This invention relates to cerburetors for internal combustion engines, and more particularly to an improvement in a carburetor for use in a motor vehicle.
With the strengthening of measures taken in recent years for preventing enviromental distruption by noxious effluents released to atmosphere, there have been increasingly severe restrictions imposed by law on the amounts of noxious components of exhaust gases of motor vehicles. The cope with this situation, prescription has been designed in formulating requirements to be satisfied by internal combustion engines, particularly for use in motor vehicles, for the purpose of eliminating the problem of air pollution by the exhaust gases of motor vehicles. However, a difficulty has been experienced in meeting the conflicting demands to reduce air-polluting constituents of exhaust gases on one hand and to improve the performance of a motor vehicles and decrease the fuel consumption thereof on the other. As a means for satisfying these conditions, carburetors which have a great deal to do with the combustion of fuel in the engines have come to attract the attention of those concerned in the motor vehicle industry. More specifically research has in recent years been conducted in various countries on carburetors for effecting incresed vaporization of fuel and stabilization of a flow of mixture of atomized fuel particles and air from the carburetor to the engine.

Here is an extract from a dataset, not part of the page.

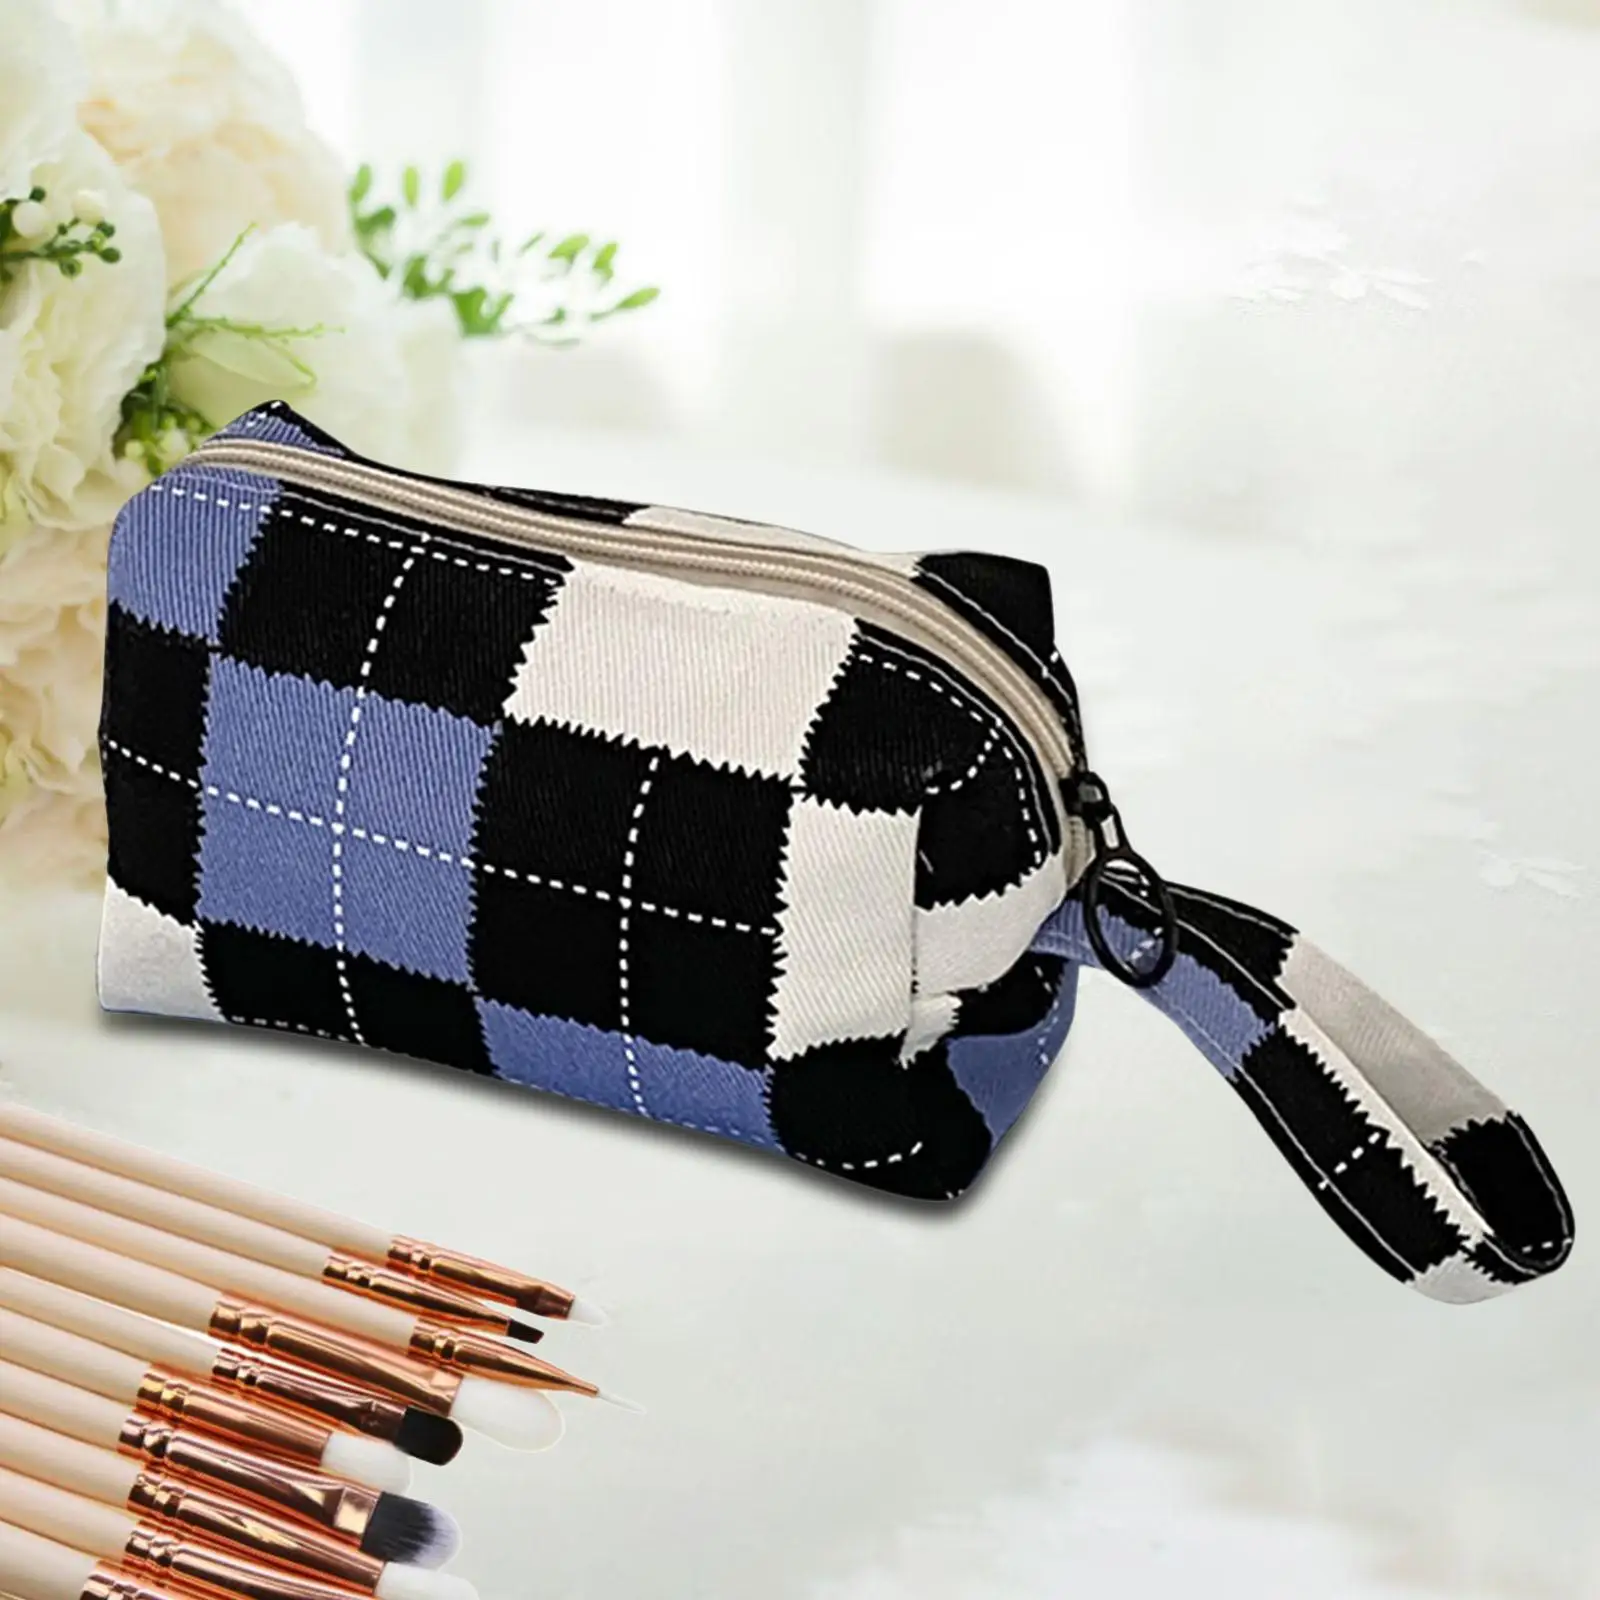 Makeup Bag Zipper Design Roomy Cosmetic Pouch for Women and Girls Storage
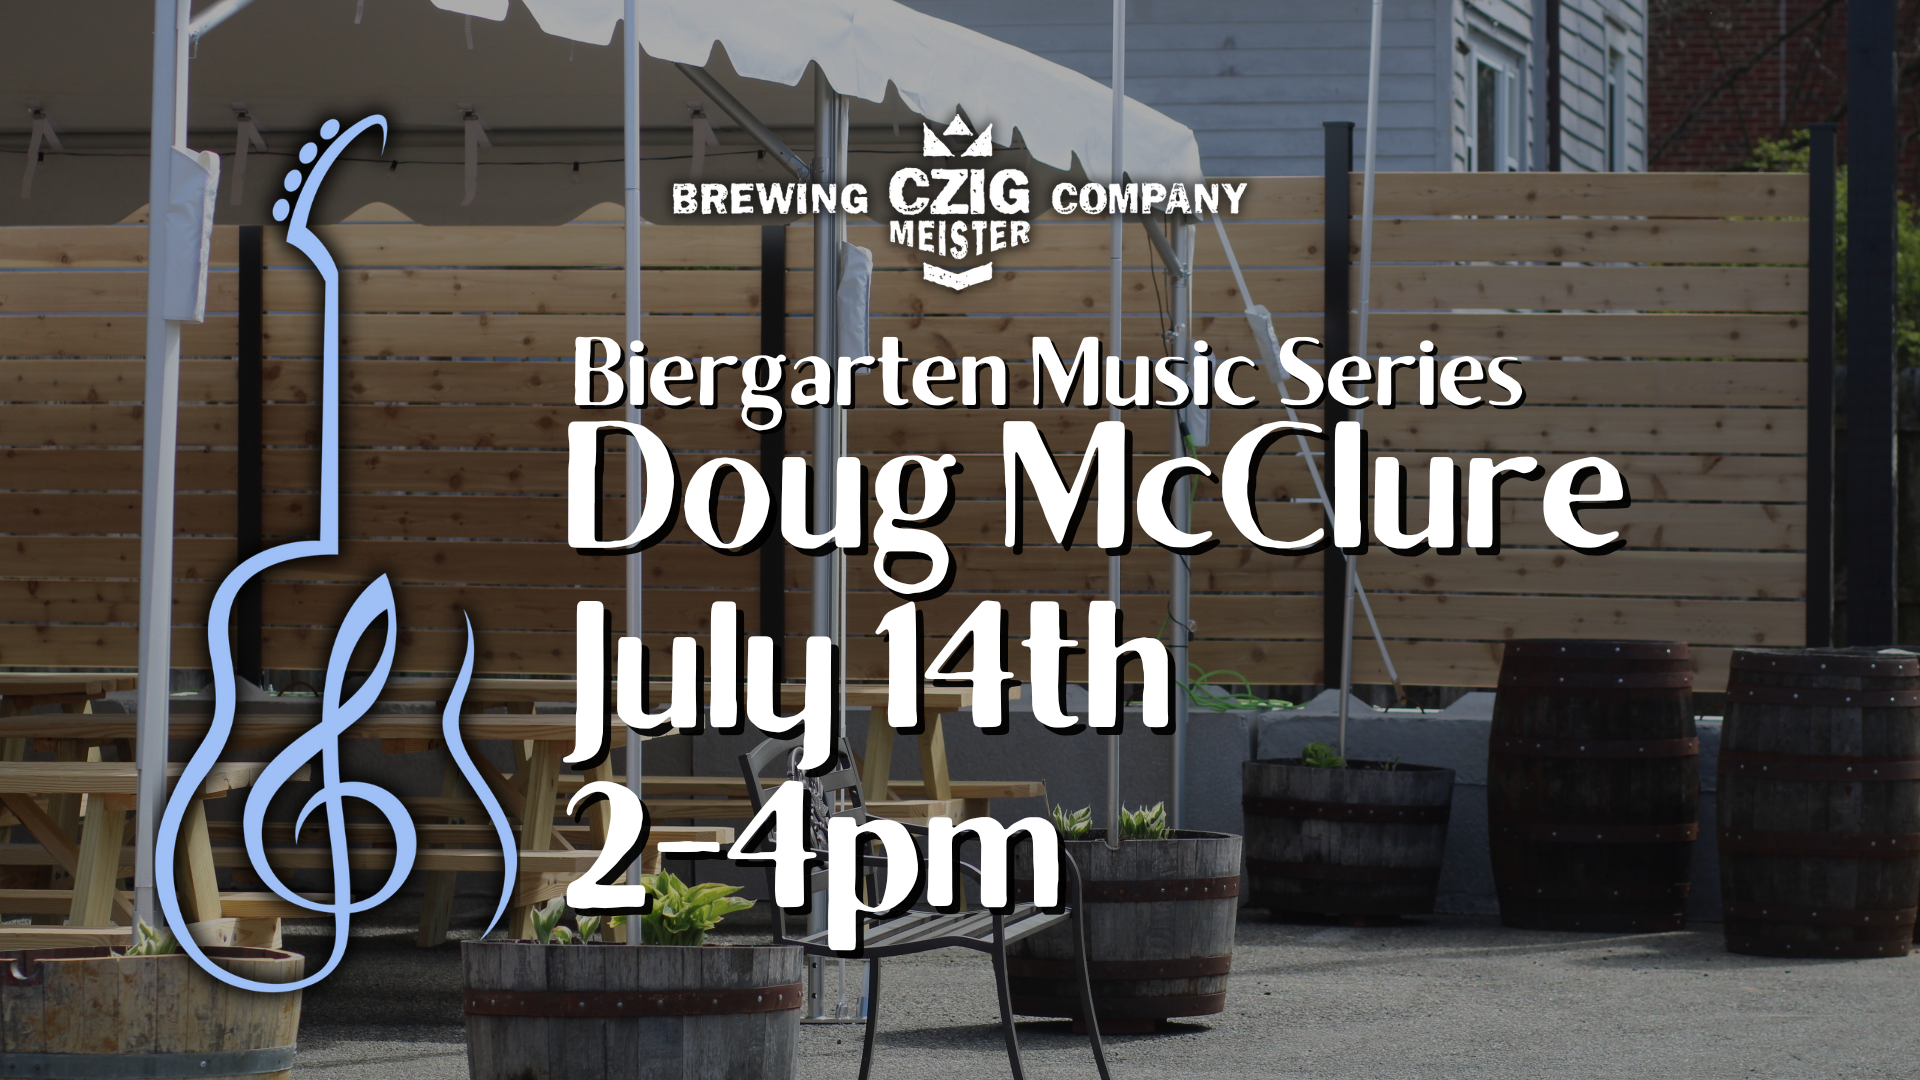 Doug McClure performing at Czig Meister Brewing Company on July 14th

Of all the types of carburetors now in use, a carburetor which have been most favored are of the type which uses what is referred to as an air fuel mixing tube which is a metal tube formed therein with many apertures and arranged in the fuel passage at a level lower than the fuel level in the fuel passage for ejecting air through the apertures in order to convert fuel into atomized particles. Various programs have been under way to conduct studies on the number and position of the air ejecting apertures so as to provide improvements in this type of carburetors. However, a flow of fuel to the engine still tends to become an intermittent flow at the time the engine is started or abruptly accelerated and the fuel begins to gush out, and the particles of fuel are still large in size. As a result, the air-polluting constituents of exhaust gases are still large in amounts.